The discussion revolves around the properties of the polynomial \(x^2 + x + 1\) in relation to the ring of algebraic integers \(R = \mathbb{Z}[\zeta]\), where \(\zeta = \frac{1}{2}(-1+\sqrt{-3})\), and its roots in finite fields \(F_p\). Participants explore the conditions under which the polynomial has roots in \(F_p\) and the implications for prime ideals in \(R\).

Discussion Character

  • Technical explanation
  • Mathematical reasoning
  • Debate/contested

Main Points Raised

  • One participant proposes to show that \(x^2 + x + 1\) has a root in \(F_p\) if and only if \(p \equiv 1 \mod 3\) by proving two steps related to elements of order 3 in \(F_p\).
  • Another participant suggests reviewing the problem and definitions, indicating a lack of connection in the initial claims made.
  • A participant clarifies that if \(a\) is a root of \(x^2 + x + 1\), then \(a\) is also a root of \(x^3 - 1\), implying \(a^3 = 1\) and that \(a\) has order 3.
  • Further, a participant mentions a second part of the problem regarding the prime ideal \((p)\) in \(R\) and its relation to \(p \equiv -1 \mod 3\), suggesting that the first part of the problem applies.
  • Another participant introduces a related problem that utilizes quadratic reciprocity to show that \(p\) must be of the form \(3k + 1\) for certain conditions to hold.
  • One participant discusses a group homomorphism from the multiplicative group \(F_p - \{0\}\) and its implications for the existence of primitive cube roots of unity in \(F_p\).

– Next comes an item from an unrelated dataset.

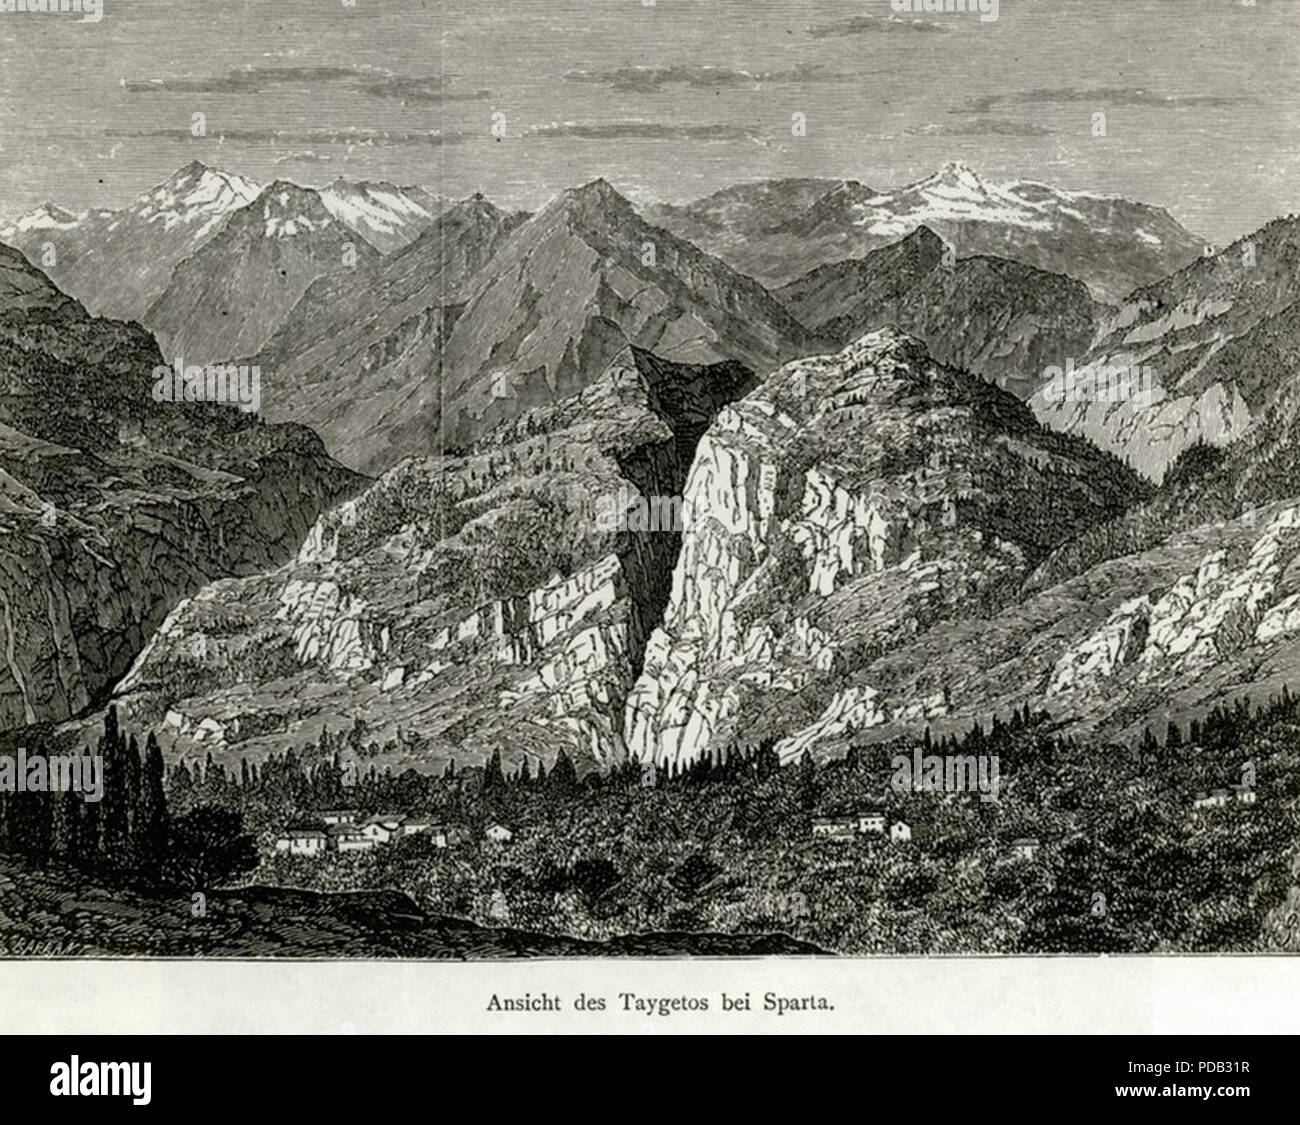 Ansicht des Taigetos bei Sparta - Schweiger Lerchenfeld Amand (Freiherr von) - 1887. Foto Stock

Areas of Agreement / Disagreement

Participants express differing views on the connections between the polynomial roots, the properties of the ring \(R\), and the implications for prime ideals. There is no consensus on the best approach to the problem, and multiple competing perspectives are present.

Contextual Notes

Some participants note potential confusion regarding definitions and the connections between various mathematical concepts, indicating that assumptions may be missing or unclear.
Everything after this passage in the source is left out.